ID.me did not say how many images were in that database, but the company claims to have 70 million verified users, each of whom would have had to take a selfie to verify their identity with the company.
The company said it had not previously disclosed that function because it was concerned about revealing its methods to potential fraudsters.
“ID.me uses a ‘1 to Many’ check solely for the purpose of preventing identity theft,” the company said. “This step is designed to see if one person is stealing multiple people’s identities.”
It said that process flagged less than 0.1% of all selfies scanned as potentially fraudulent and stressed that the one-to-many process was not used to verify people’s identities. The actual verification of identities is done with one-to-one processes employed by separate vendors Paravision and iProov.
The company said no one outside it had access to the vast majority of selfies in its database. “The only time biometric information is shared with a government agency is when there is apparent fraud and identity theft tied to the account associated with the agency,” the company said.
ID.me’s use of Amazon technology has raised more questions about its facial recognition processes.
Amazon in 2020 announced what has become an indefinite moratorium on the use of its Rekognition technology by law enforcement after experiments showed it sometimes struggled to identify people of color, sparking concerns it could lead to wrongful arrests.
Pressure on Amazon intensified after a January 2019 study by artificial intelligence researchers Inioluwa Deborah Raji and Joy Buolamwini showed the Amazon software made more mistakes when used on people with darker skin, particularly women. Separately, the ACLU tested the software on members of Congress and found it falsely matched 28 of them with mugshots, disproportionately selecting minority lawmakers. Amazon did not immediately comment.
In a letter to the White House this week, Buolamwini, called for the Biden administration to review the IRS’s use of ID.me.
“The absence of effective public consideration prior to the adoption of such technologies has profound and disparate impacts,” she wrote in a letter to the White House’s Office of Science and Technology Policy outlining her concerns with the use of ID.me. “This places all Americans at the mercy of unverified and under-scrutinized algorithms, from a field whose algorithms are already known to have biased properties.”
The White House did not immediately comment.
The researcher, who founded the Algorithmic Justice League, also disputed ID.me’s claims that one-to-one face-matching doesn’t suffer from some of the same bias issues, calling them a “mischaracterization of the literature.” She cited a 2019 NIST report that she said showed higher rates of false positives for Asian and African-American faces relative to Caucasian faces when the researchers tested one-to-one systems.
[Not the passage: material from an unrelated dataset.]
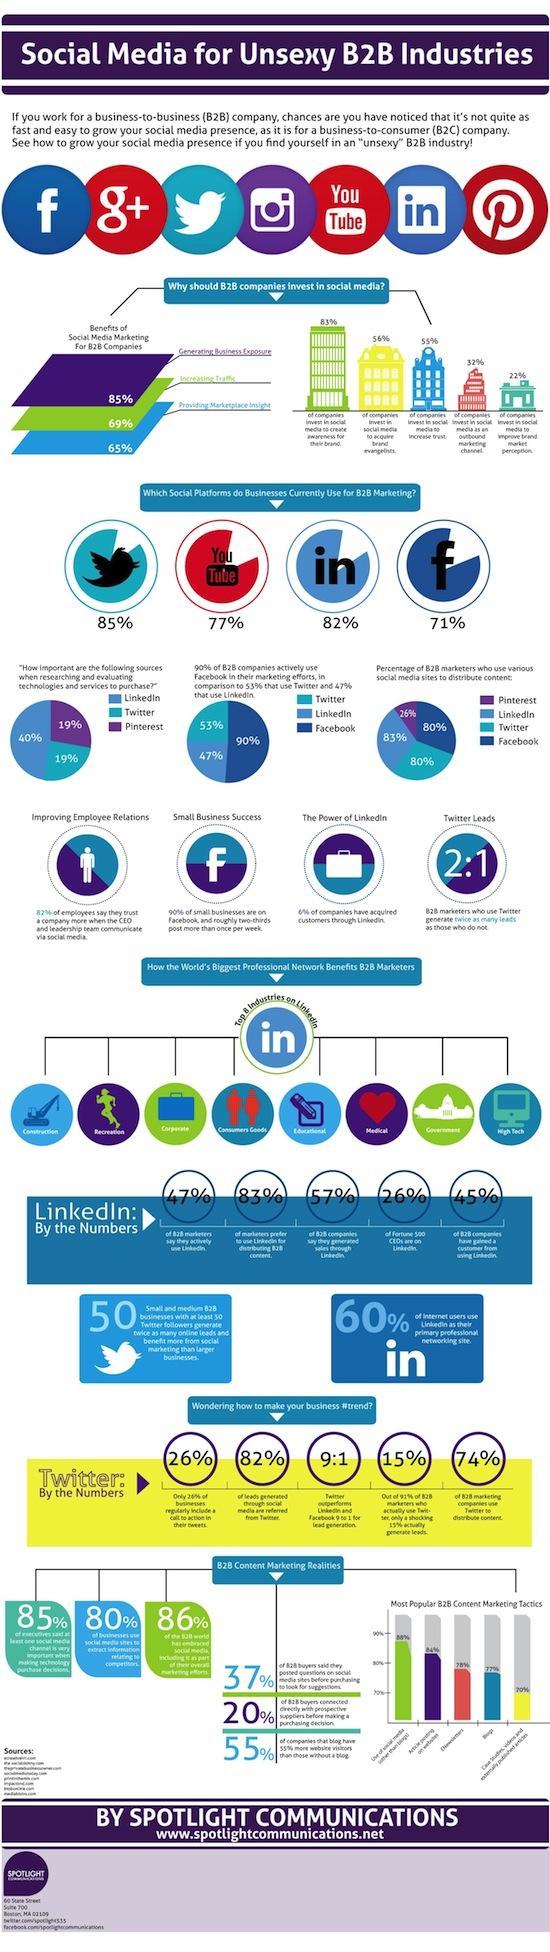 Sociale media in B2B
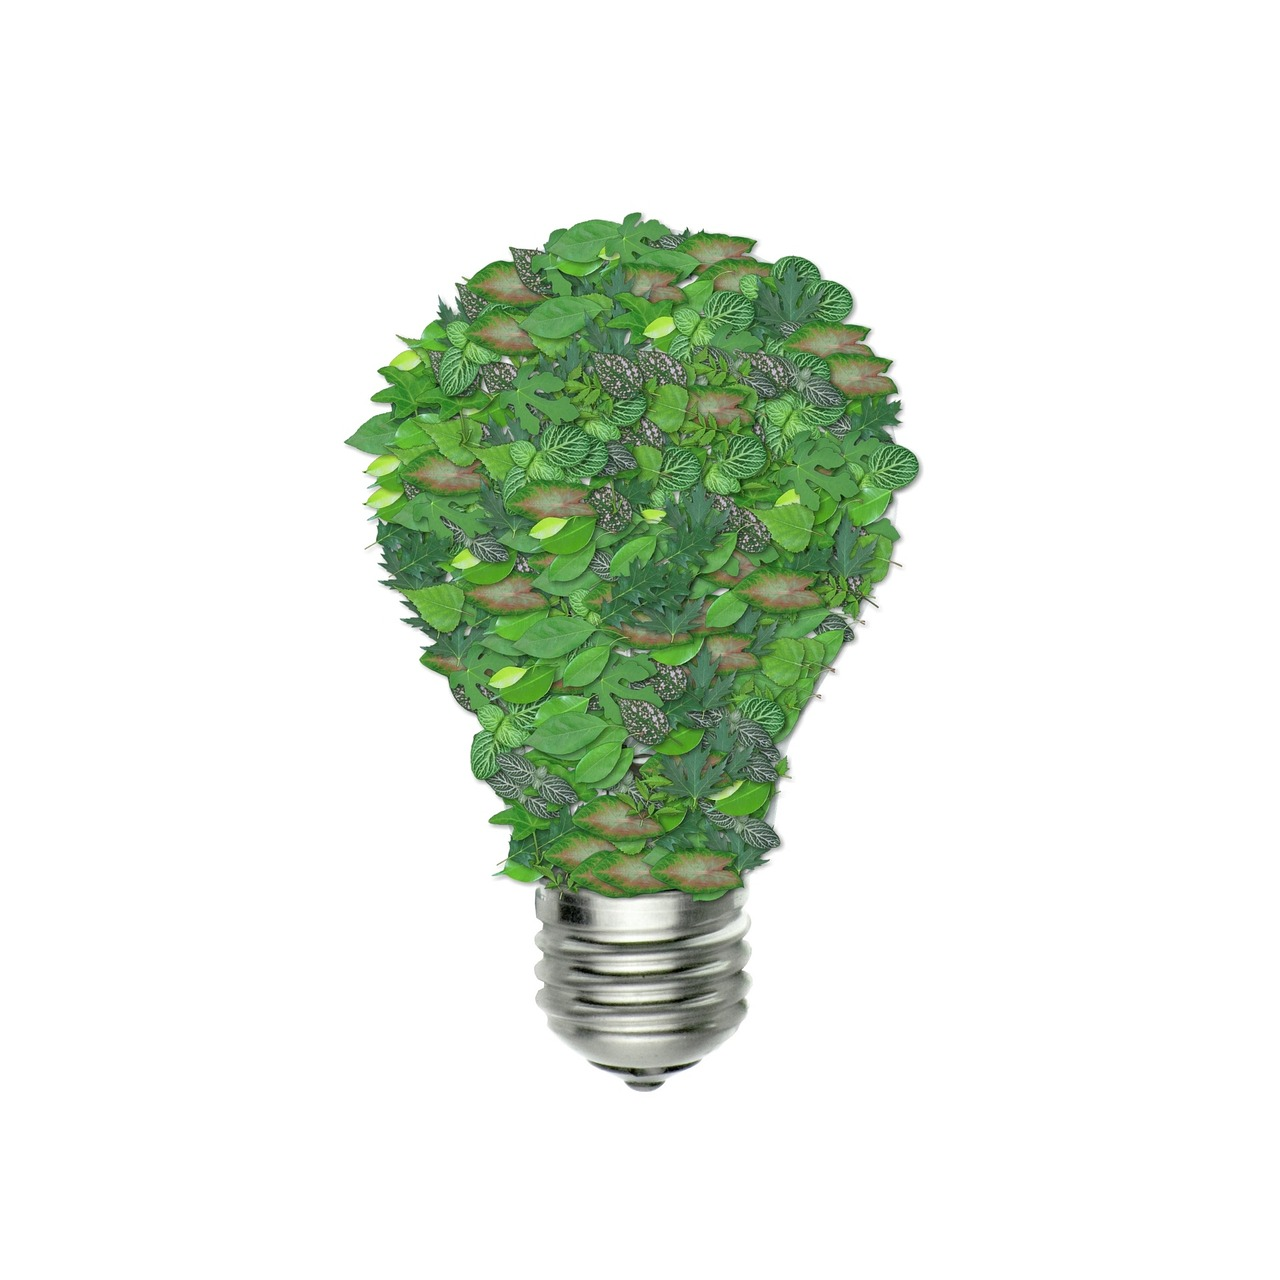 aumentar la eficiencia energética

Members of Congress have raised questions about requiring any facial recognition software to set up an IRS account online. “No one should be forced to submit to facial recognition as a condition of accessing essential government services,” said Senator Ron Wyden, chairman of the Senate Finance Committee, in a statement to Bloomberg News. “I’m continuing to seek more information about ID.me and other identity verification systems being used by federal agencies.”